Democratic strategist Joel Rubin, who served as director for Jewish outreach for Sanders’ campaign, said, “This is the most progressive Democratic platform on the Israeli-Palestine issue.” For Jews on the right, if Sanders supporters see it that way, it must be bad.

One plank that opponents singled out was the reiteration of the belief that the Iran nuclear agreement is “the best means to verifiably cut off all of Iran’s pathways to a nuclear bomb” and the expression of urgency to return “to mutual compliance.”

The Iran deal was a catastrophic mistake that proved unverifiable and did not block Iran’s pursuit of a bomb, and rejoining it would compound the error. It is unwise, but not anti-Israel. The truth is Trump’s policies, which are necessary but not sufficient, have not stopped Iran either.

Critics have a legitimate point that the party is trying to have it both ways on BDS. As Sanders’ representative on the committee, longtime anti-Israel propagandist James Zogby explained, “It’s a statement of personal preference on [the] part of whoever wrote the draft, but affirmation of the fact that everyone has the right to do it. The second clause nullifies the first clause, so it’s a win.”

This “victory” is not a reflection of any support for a boycott of Israel; it is simply a recognition of the misguided belief of many Democrats that anti-BDS legislation would violate the First Amendment. Moreover, Zogby complained that the Democrats “consistently [get] the section on the Mideast wrong” and whined that “despite some marginal progress in this year’s platform … it’s still 20 years behind the times and out of touch with the views and wishes of voters.”

If Zogby is unhappy, it should offer some comfort to the pro-Israel community.

Reflecting the Jewish Republican view, Jeff Dunetz noted that the 2020 platform omitted pro-Israel language it had in 2012. It does not mention the need to “continue to isolate Hamas until it renounces terrorism,” or that the Palestinian refugee issue should be settled by allowing them to settle in a Palestinian state, not in Israel, and that “it is unrealistic to expect the outcome of final status negotiations to be a full and complete return to the armistice lines of 1949.”

The sin of omission does not make the platform hostile to Israel.
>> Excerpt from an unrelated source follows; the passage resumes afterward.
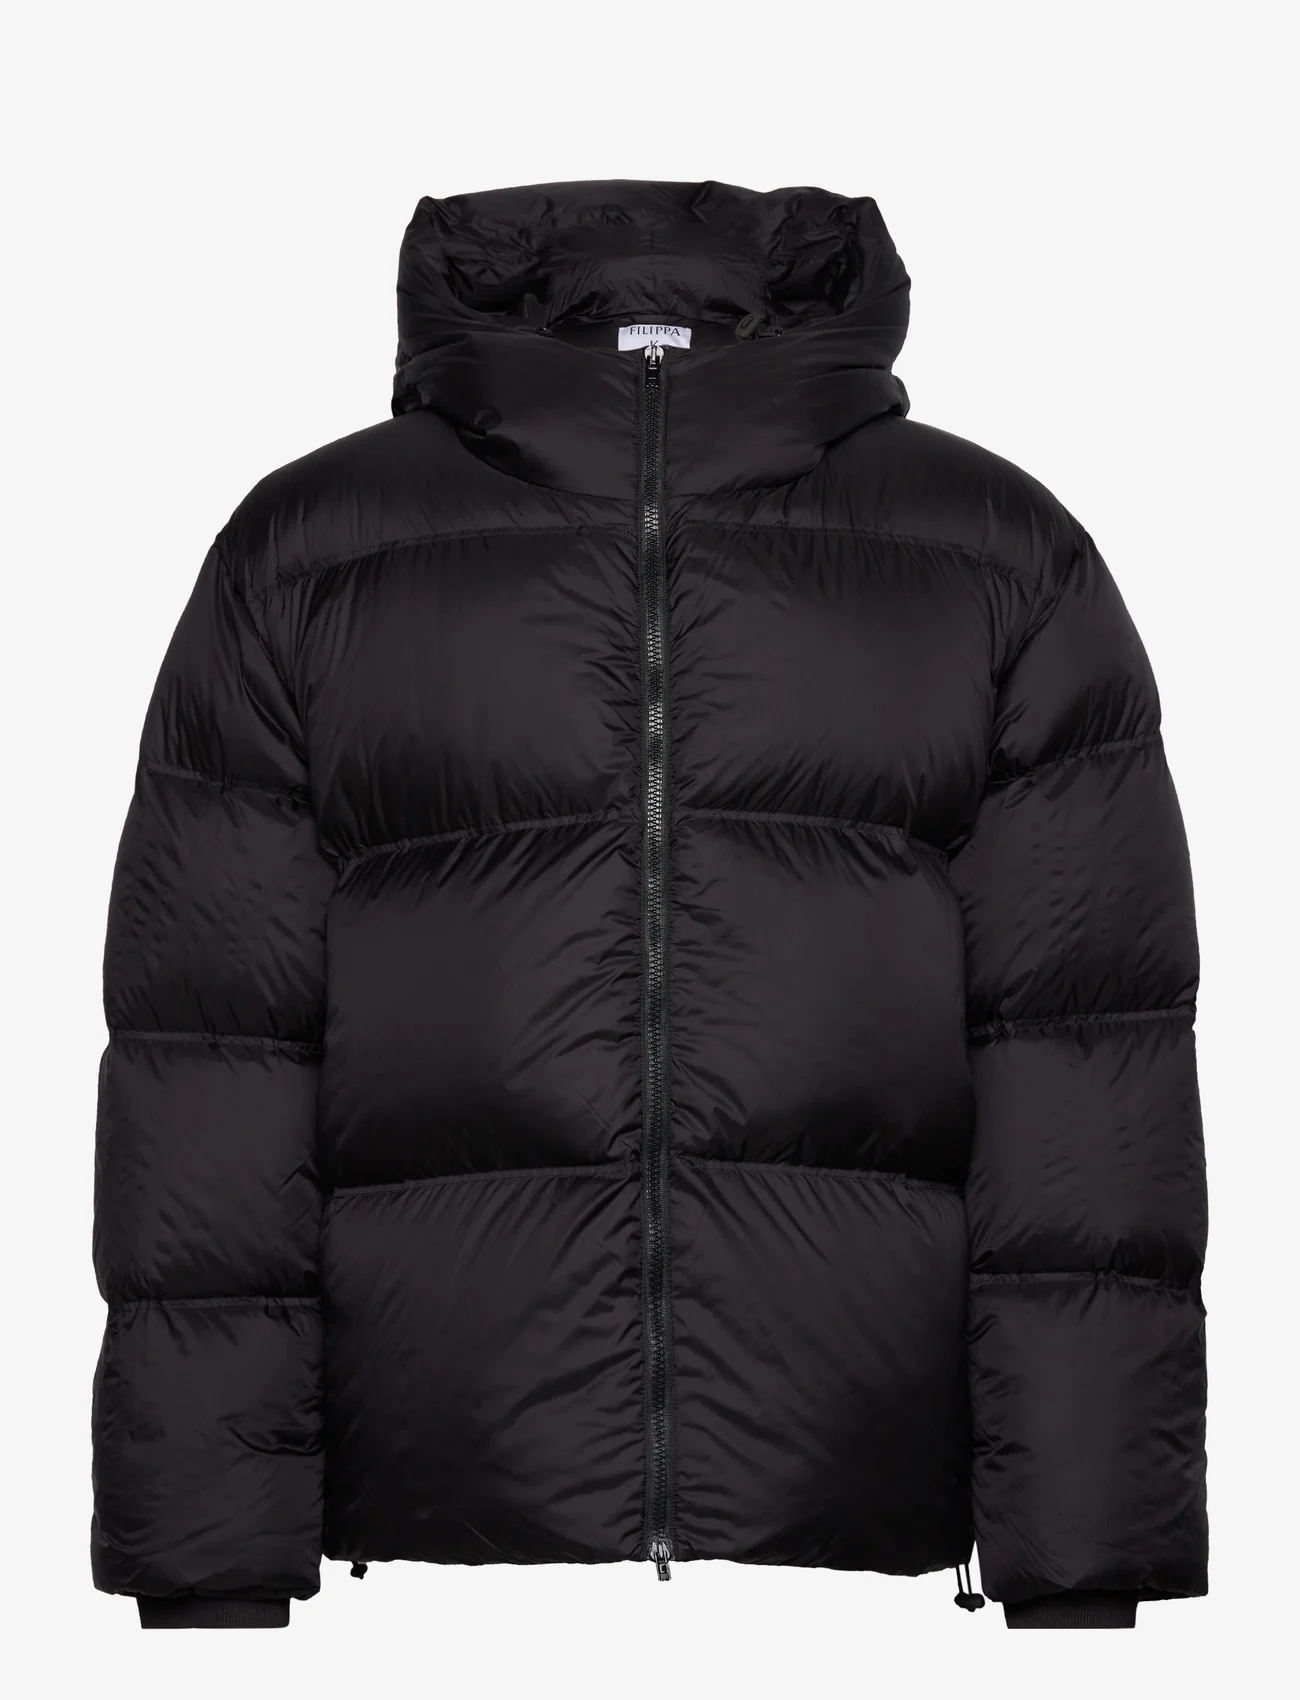 Filippa K - Hooded Puffer Jacket - winterjacken - black - 0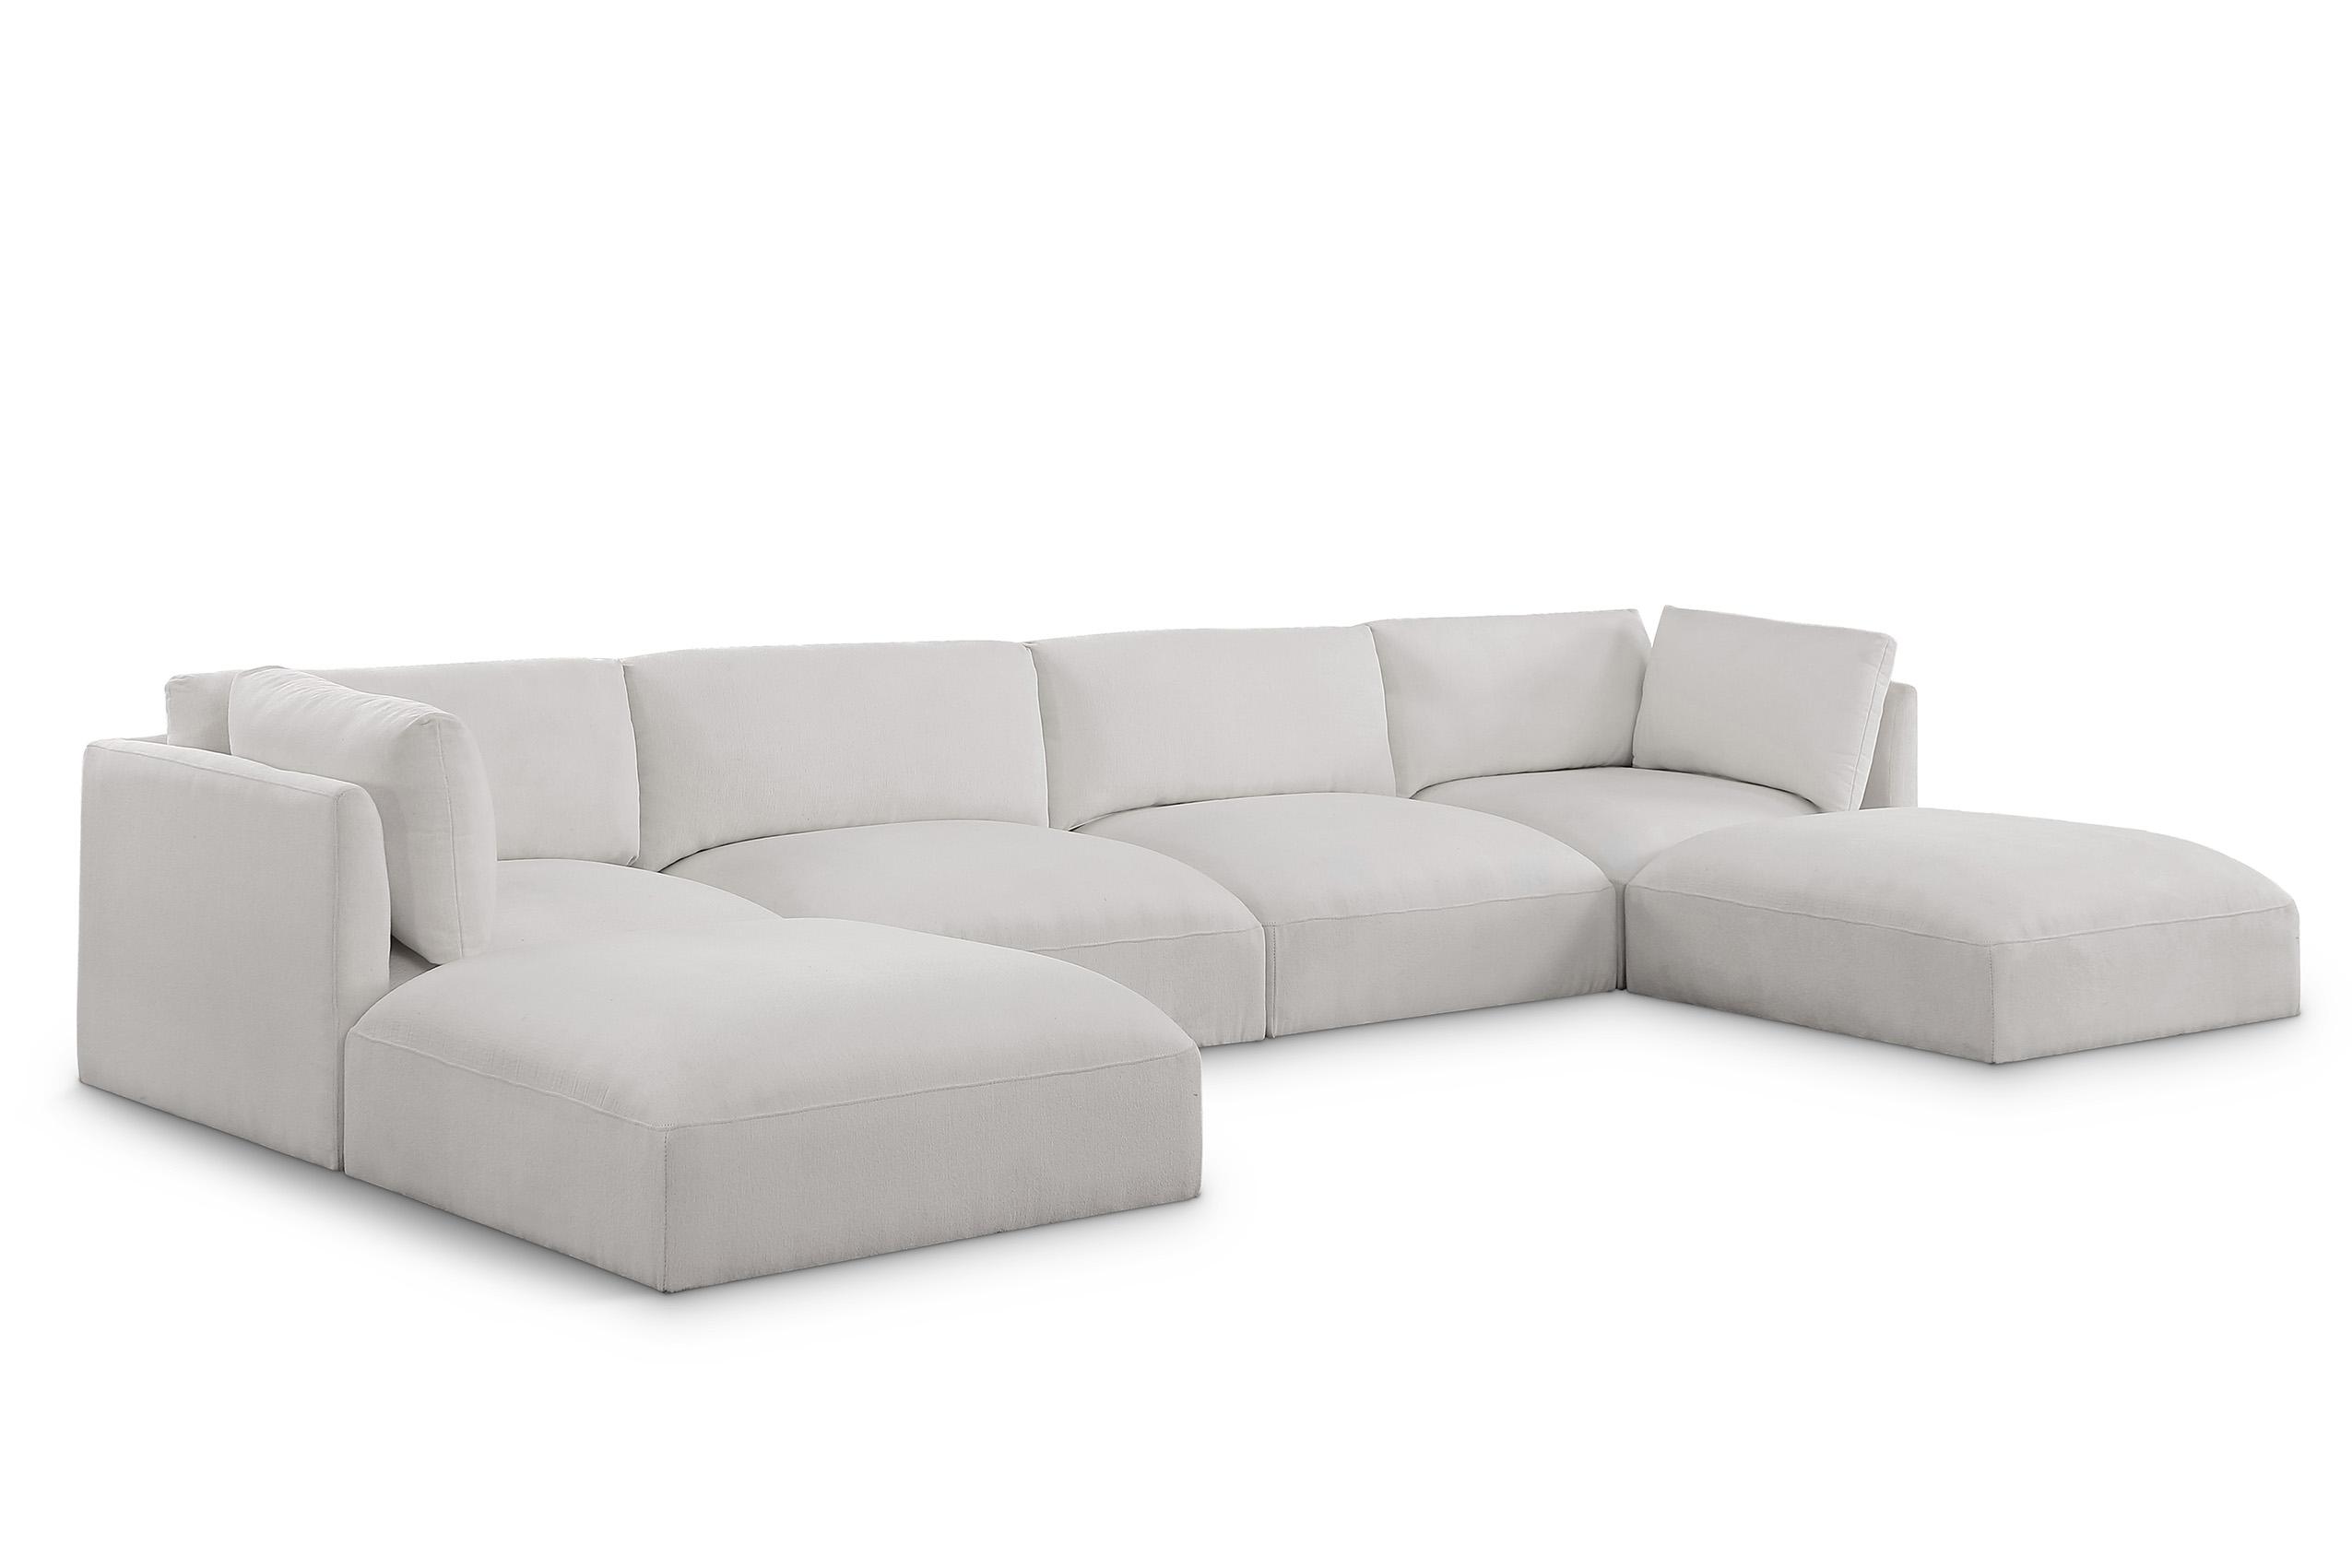 Contemporary, Modern Modular Sectional Sofa EASE 696Cream-Sec6C 696Cream-Sec6C in Cream Fabric

Nothing in it suggests Biden’s position on those issues would be problematic. It does say, for example, “Democrats will continue to stand against incitement and terror.”

Certainly, more pro-Israel language could be added; the platform contains all of three paragraphs related to Israel; but, ultimately, it’s more for show and does not tie the president’s hands. A better guide to the future of US-Israel relations is to review Biden’s statements, which will comfort most people in the pro-Israel community but alarm others.

Mitchell Bard is a foreign policy analyst and authority on US-Israel relations.